Monday, June 24, 2002

In Fights Over .Com Names, Trademark Owners Usually Win
Researchers analyzing an arbitration system set up to resolve disputes over Internet addresses have found that decisions made through the system have substantially broadened the rights of trademark holders in cyberspace.

The study represents one of the first attempts to examine the circumstances and outcome of more than 3,800 disputes handled by online arbitration procedures established in 1999 by the private corporation that manages the Internet's address system.

The goal of the arbitration system, known as the Uniform Domain Name Dispute Resolution Policy, was to provide an efficient, low-cost alternative to litigation for trademark holders who were trying to obtain the .com equivalent of their trademarks — in many cases, from speculators hoping to sell those names at a profit to deep-pocketed corporations.

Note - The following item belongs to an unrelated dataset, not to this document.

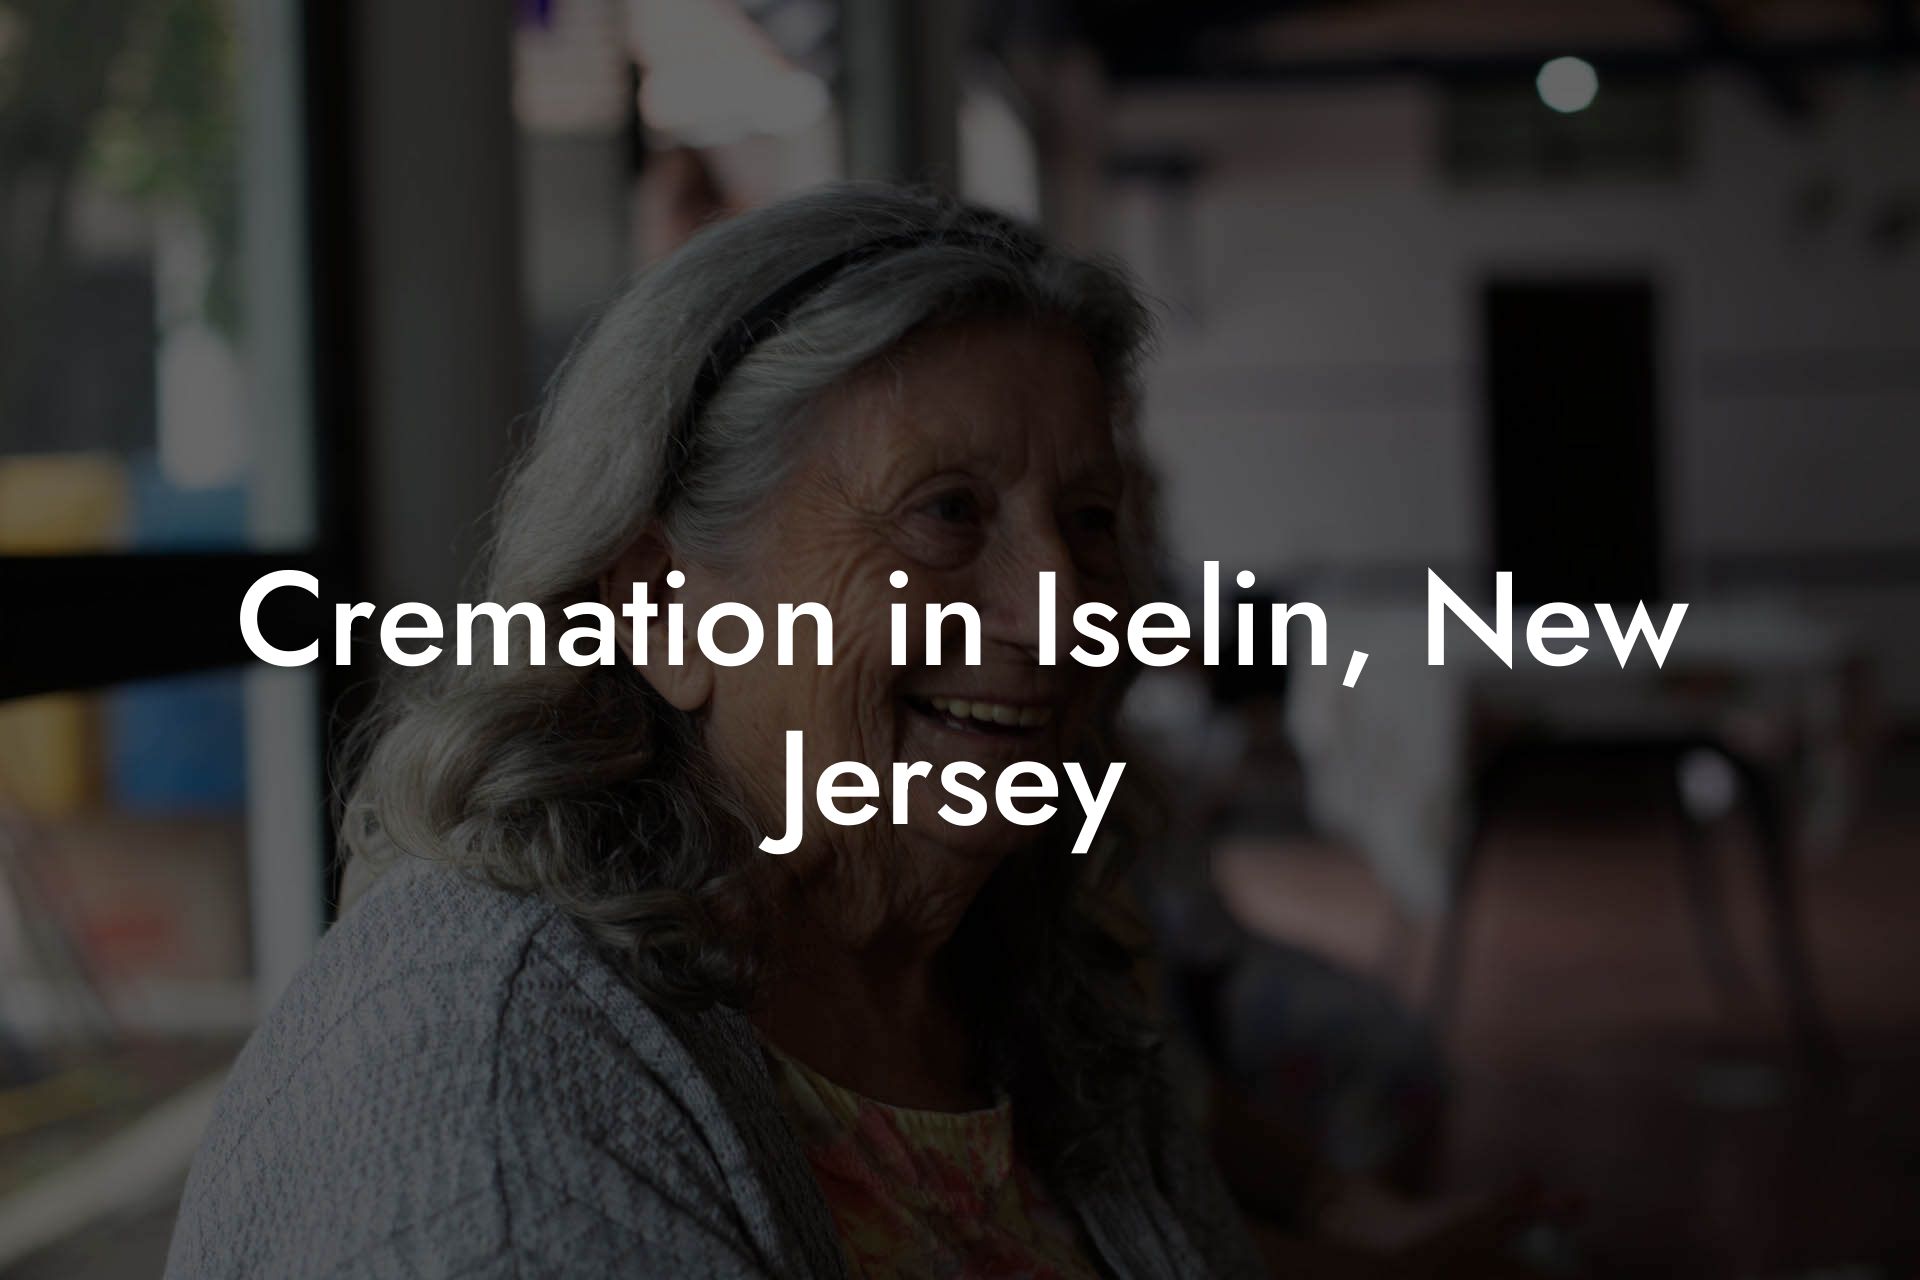 Cremation in Iselin, New Jersey

Although the researchers concluded that the system had been effective in combating these so-called abusive domain-name registrations, they also found that the system had "tipped the scales too far" in favor of trademark interests.

Milton Mueller, an associate professor at Syracuse University who conducted the study, said that in about 80 percent of the disputes examined, the party that filed the complaint, generally a trademark holder, prevailed. In more than half the cases, the party asked to defend a domain name registration did not bother to respond to the complaint and therefore lost the right to the name.

"That raises procedural and equity questions about the process," he said. "If lots of domain holders feel intimidated or feel it's too expensive to respond, the whole process becomes simply a way for trademark holders to grab domain names."